- A culinary favorite
- Delicate and buttery
Blue Oyster mushrooms were first documented in 1775 by Nikolaus Joseph Freiherr von Jacquin, a Dutch scientist who studied medicine, chemistry, and botany and traveled the world gathering samples and specimens of his discoveries.
Blue Oysters are particularly appreciated for their density and can be used quite successfully as a replacement for meat in many recipes. They are especially wonderful sauteed in butter.
Blue oysters have a delicate, buttery taste with a dense texture that is reminiscent of something somewhere between chicken and crab. They are happiest at 60 to 85 degrees Fahrenheit. Colors are brighter at cooler temperatures, while fruits are larger at hotter temperatures.

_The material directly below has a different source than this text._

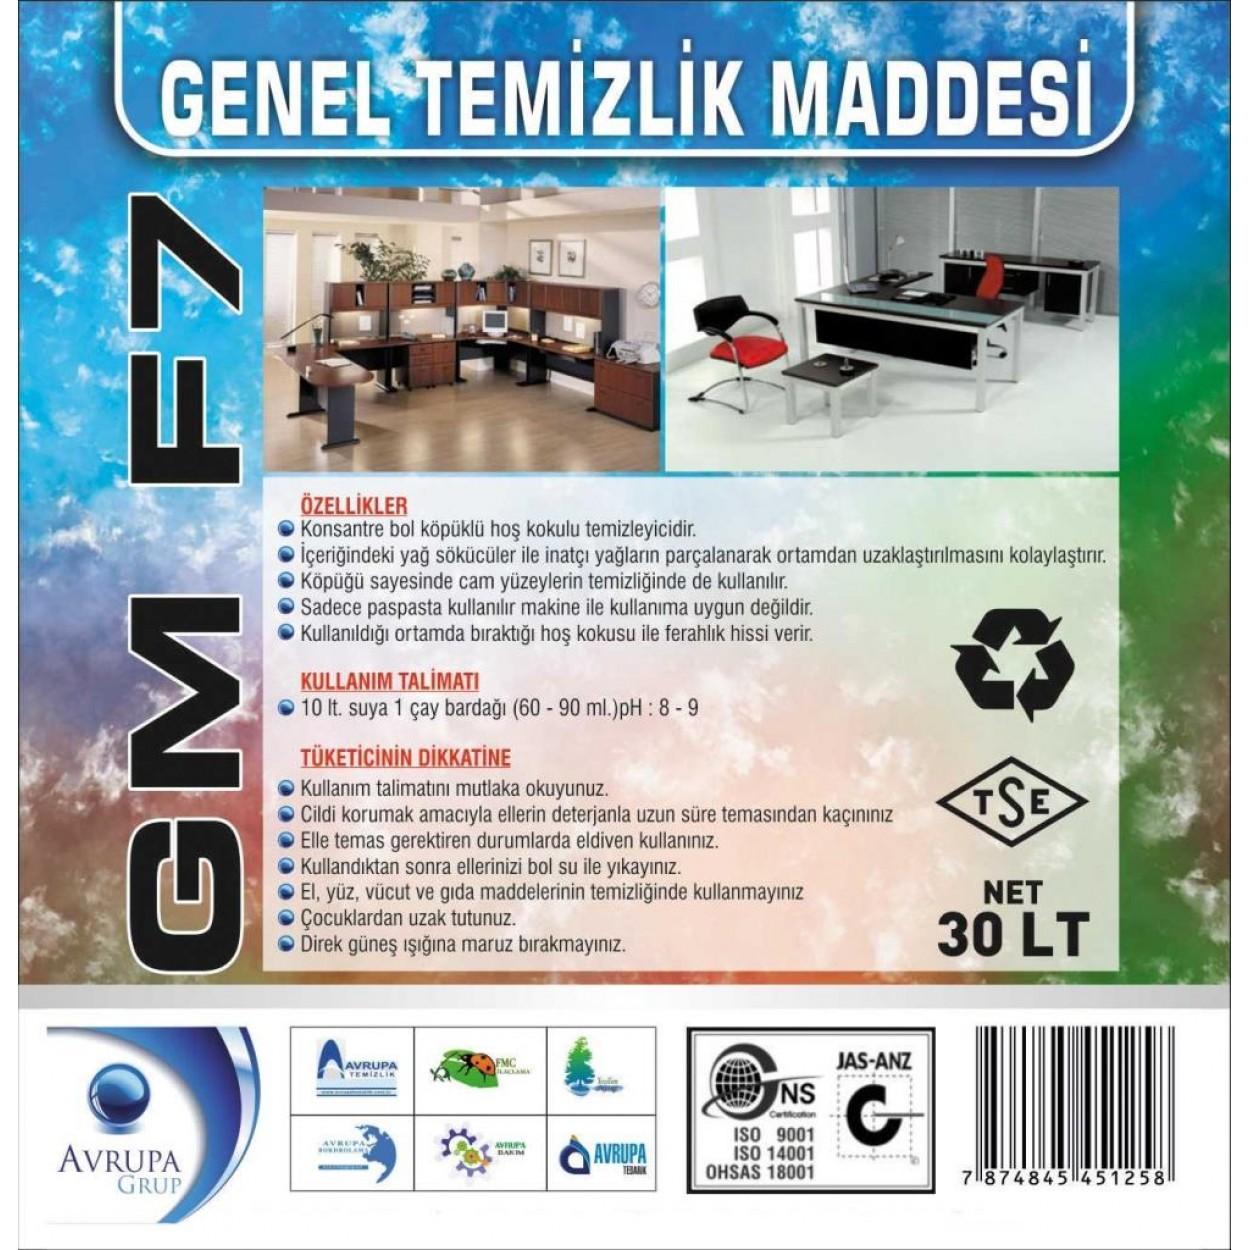 GM F7 Genel Temizlik Maddesi 30 Litre

- Class: Agaricomycetes - Parasitic, pathogenic, symbiotic, or saprotrophic; most are terrestrial, with few aquatic members; all are mushroom-forming; spore cap has openings; contains 17 orders.
- Order: Agaricales - Most are saprotrophic, some are parasitic on plants (causing root rot), others are mycorrhizal; basidia produced in layers (hymenia) on the underside of fleshy fruiting bodies (basidiocarps), in tubes (boletes), or on gills (mushrooms).

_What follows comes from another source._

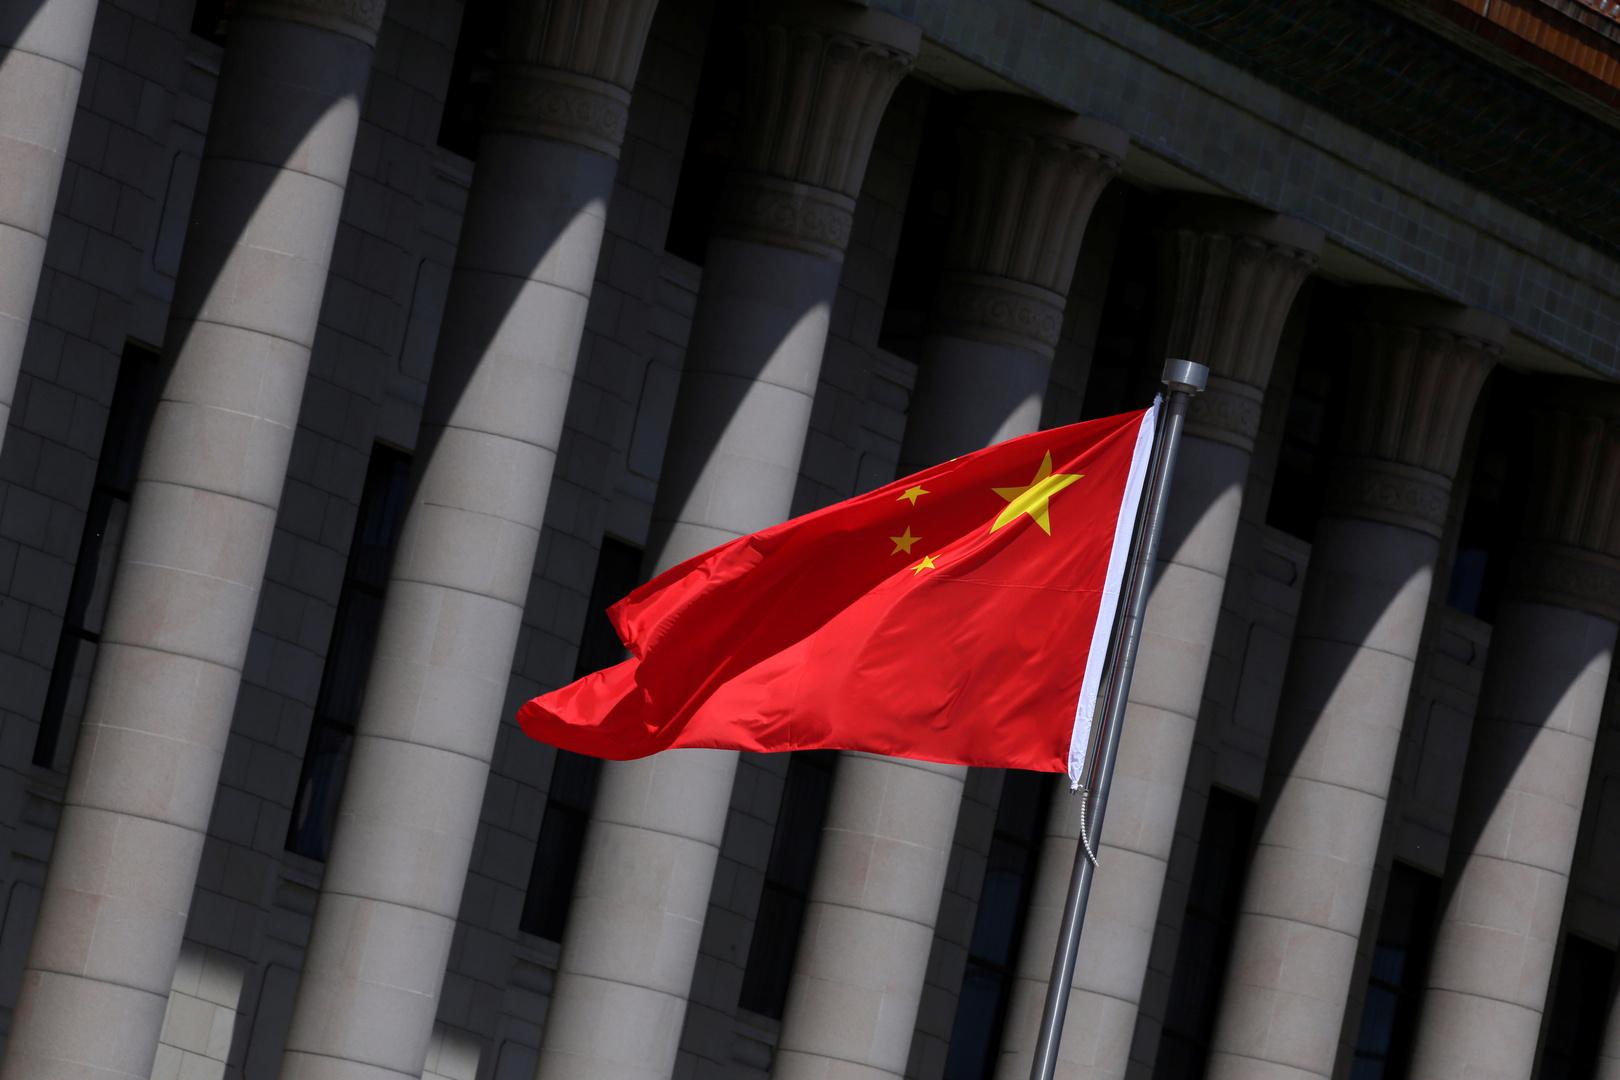 الصين: نشارك روسيا مواقفها إزاء التطورات في الشرق الأوسط

- Family: Pleurotus small to medium-sized mushrooms which have white spores; gilled mushrooms
- Species: P. ostreatus
This kit is designed to help you learn to grow mushrooms at home without any specialized equipment. They are fairly easy to work with and include instructions for growing them on a bag of precooked rice at home or a bucket of straw if you’d like to grow a lot of them.

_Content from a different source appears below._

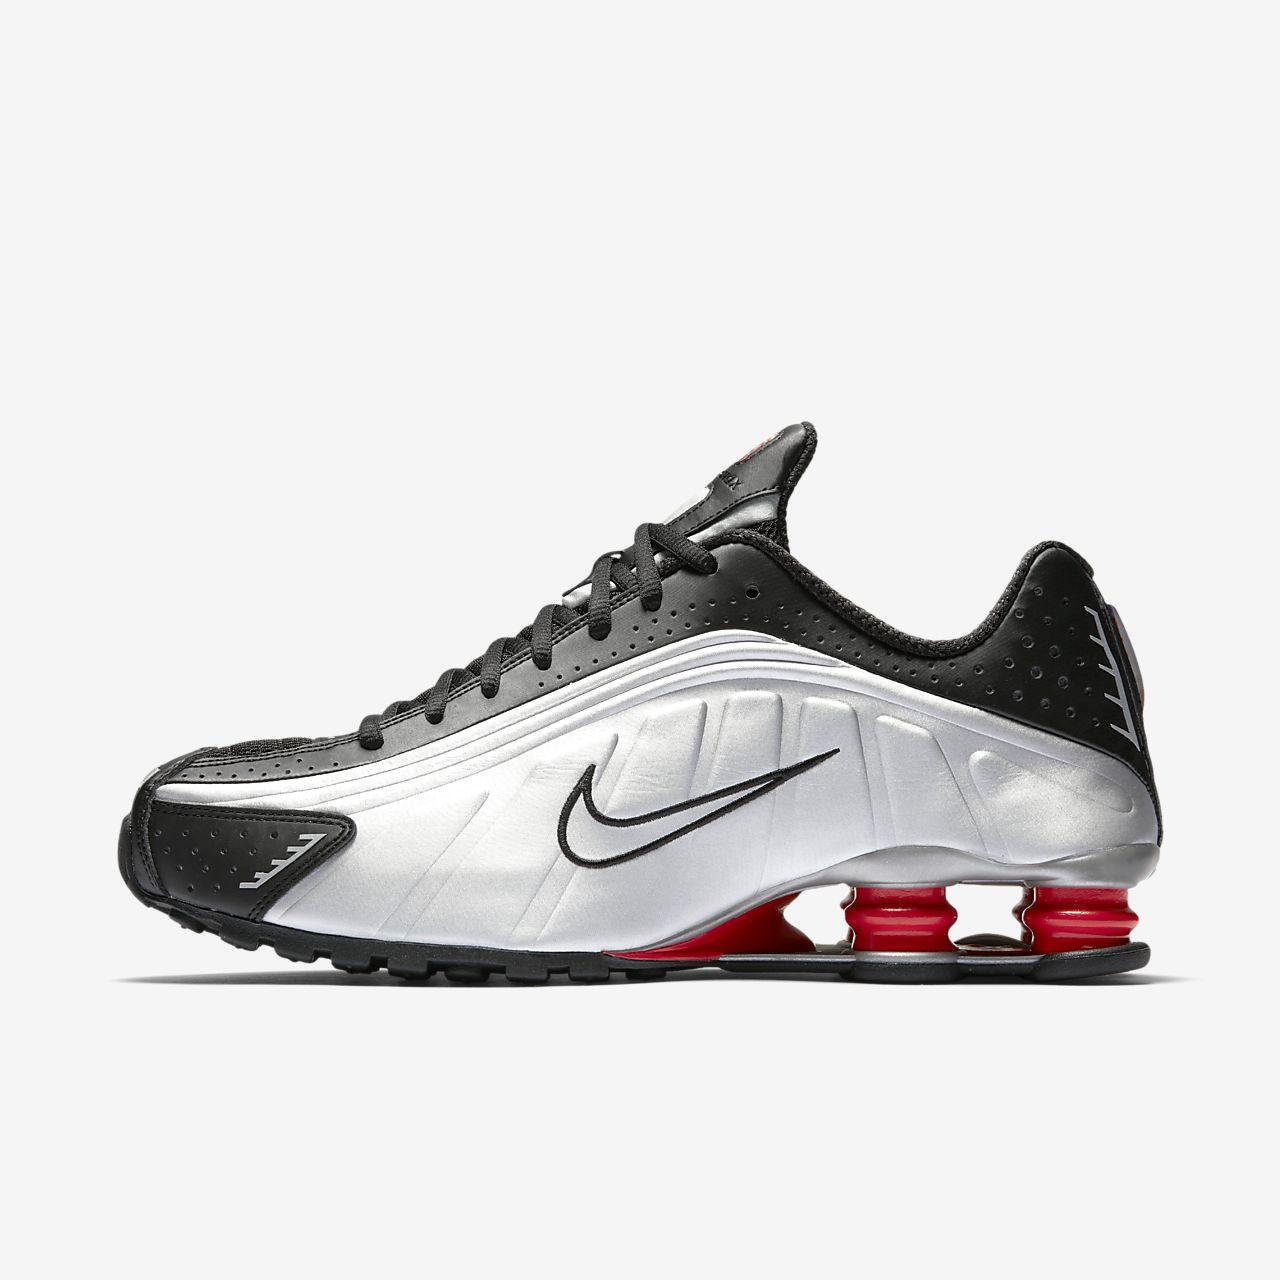 Sko Nike Shox R4

This is a pretty flexible project age-wise, with the only caveat being that you’ll want adult supervision for the inoculation process for young students so that no fingers get poked. It’s an indoor project. You’ll need a bag of pre-cooked rice, rubbing alcohol, and some paper bandage tape.
Each set includes detailed instructions, your mushroom culture, and a fungi word search. It’s a great project for anyone with a love of plants, to do as part of a nature study, or simply because they are beautiful and fascinating. And they’re great for cooking with/eating or just looking at if you’re the non-mushroom-eating type.